One of the reasons I haven’t been posting much is that I’m spending every spare bit of my energy trying to make sure a pair of ill-conceived pieces of legislation do not become law (at least in their current form). The bills in question are the Stop Online Piracy Act (SOPA) in the House of Representatives, and the PROTECT-IP Act in the Senate. (Of the two, SOPA is the worst.)
Now, both of these proposals could be considered well-intentioned, but their language is dangerously overbroad and could have serious implications on free speech, innovation and cybersecurity. I won’t bore you with the details, because I have a broader point to make. (Here’s my favorite analysis of the bills’ scope and provisions, if you’re curious.)
What pisses me off most is that there’s likely another way to achieve the bills’ goals — namely, combating foreign sites that traffic in unauthorized American intellectual property. Yet these alternatives are largely being ignored by a Congress eager to simply hand the internet over to Hollywood. And can say with certainty that these folks are always happy to restrict speech and quash competition in the name of preserving an antiquated business model.
In an agonizing twist of irony, Congress’ mad rush to codify online censorship is in direct opposition to the American government’s efforts to promote informational freedom abroad. This article in Slate expertly explains the discontinuity.
There is a recurring theme in terms of how recent legislation is being crafted. We’re seeing deliberate loopholes that don’t explicitly detail how your liberties will be restricted, but nonetheless establish the conditions under which such outcomes are not only possible, but likely.
Take for example, the highly controversial National Defense Authorization Act (NDAA). Steve Benen has an excellent analysis about whether this law would allow for the permanent detention of American citizens.
Not to compare apples to oranges, but I was struck by the following disclaimer in NDAA:
Nothing in this section shall be construed to affect existing law or authorities relating to the detention of United States citizens, lawful resident aliens of the United States, or any other persons who are captured or arrested in the United States.

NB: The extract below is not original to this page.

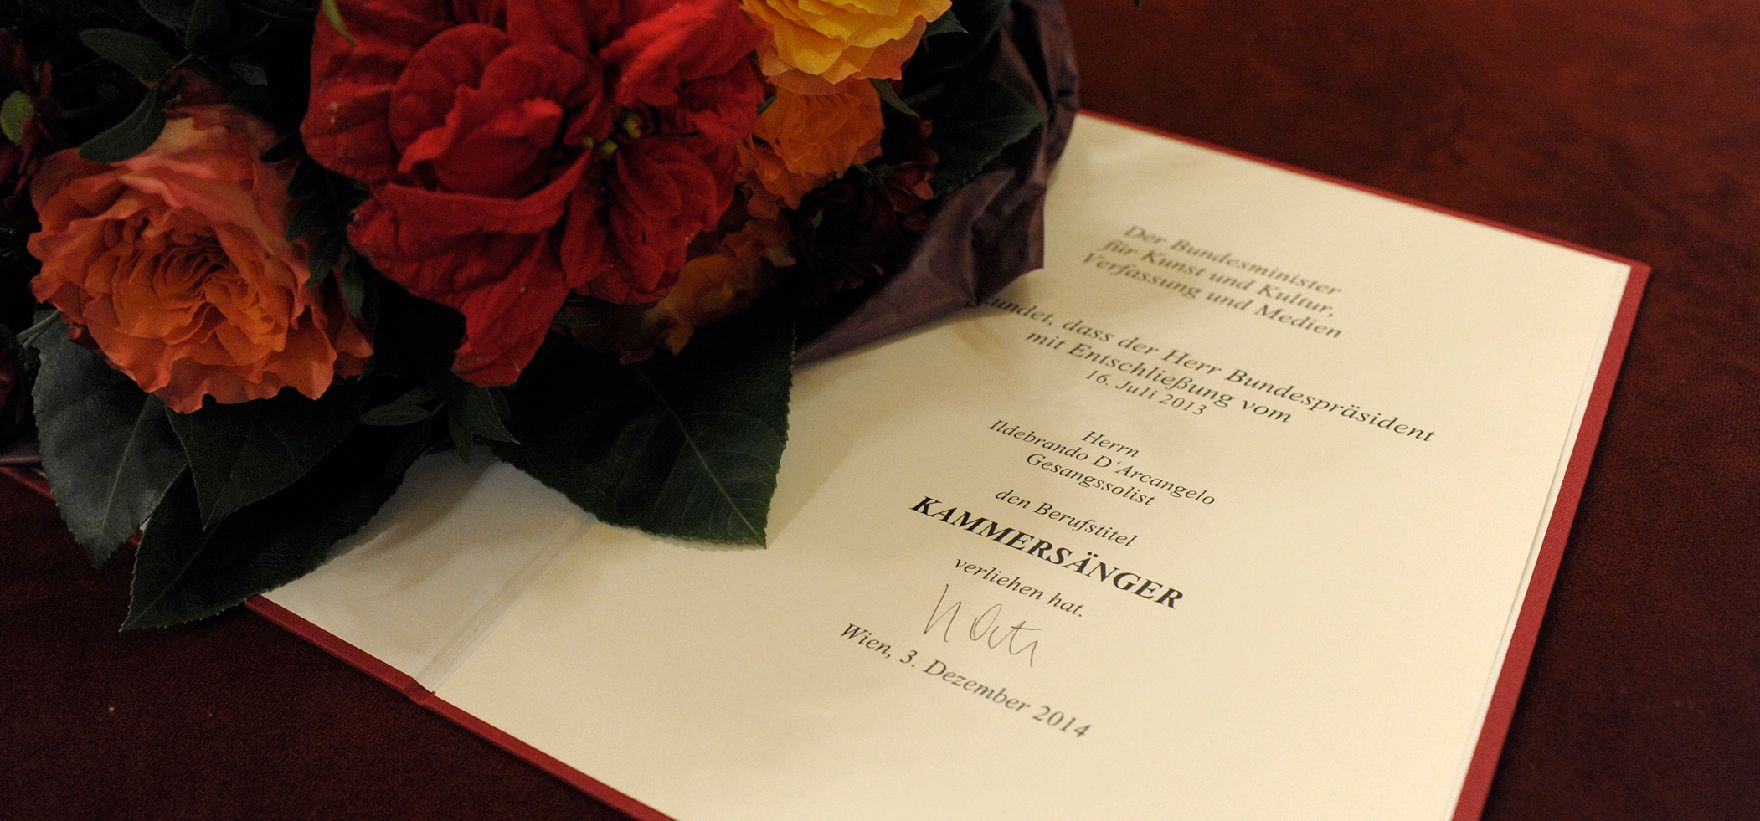 Am 3. Dezember 2014 überreichte Kunst- und Kulturminister Josef Ostermayer die Urkunde, mit der Sänger Ildebrando D’Arcangelo der Berufstitel Kammersänger verliehen wurde.
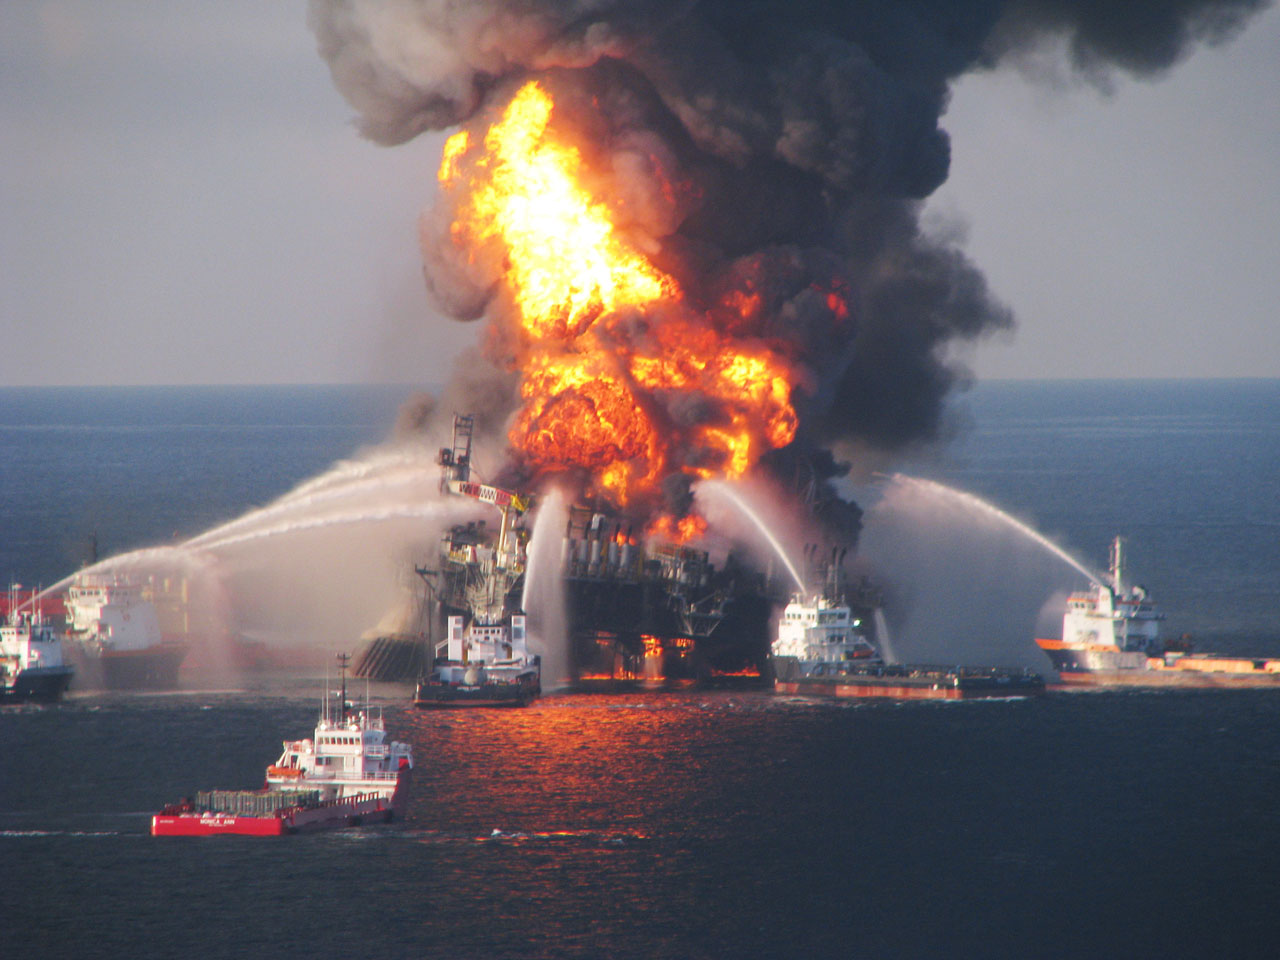 Bp The Deepwater Horizon Oil Spill Of

Oh, good! Then there’s NO WAY a court could interpret this statute as giving the president the option of indefinitely detaining without trial an American citizen suspected of terrorism!
This deliberate-loophole doublespeak reminds me of the opening renunciation in SOPA (emphasis mine):
(1) FIRST AMENDMENT- Nothing in this Act shall be construed to impose a prior restraint on free speech or the press protected under the 1st Amendment to the Constitution.
(2) TITLE 17 LIABILITY- Nothing in title I shall be construed to enlarge or diminish liability, including vicarious or contributory liability, for any cause of action available under title 17, United States Code, including any limitations on liability under such title.
That must mean that there can be absolutely NO WAY that any portion of a site that is “avoiding confirming a high probability” of infringement could be blocked by the US attorney general or have its commercial transactions halted on the mere accusation of infringement (the latter without any due process, and and with an impossibly narrow window for recourse). I feel so much better now!
To go any further would require a level of legal analysis that would likely put you in a coma. So I’ll close with this hopefully straightforward statement: American civil liberties are currently under threat, and our elected officials have abdicated their fundamental responsibility to safeguard these basic freedoms.
And that should scare the shit out of you.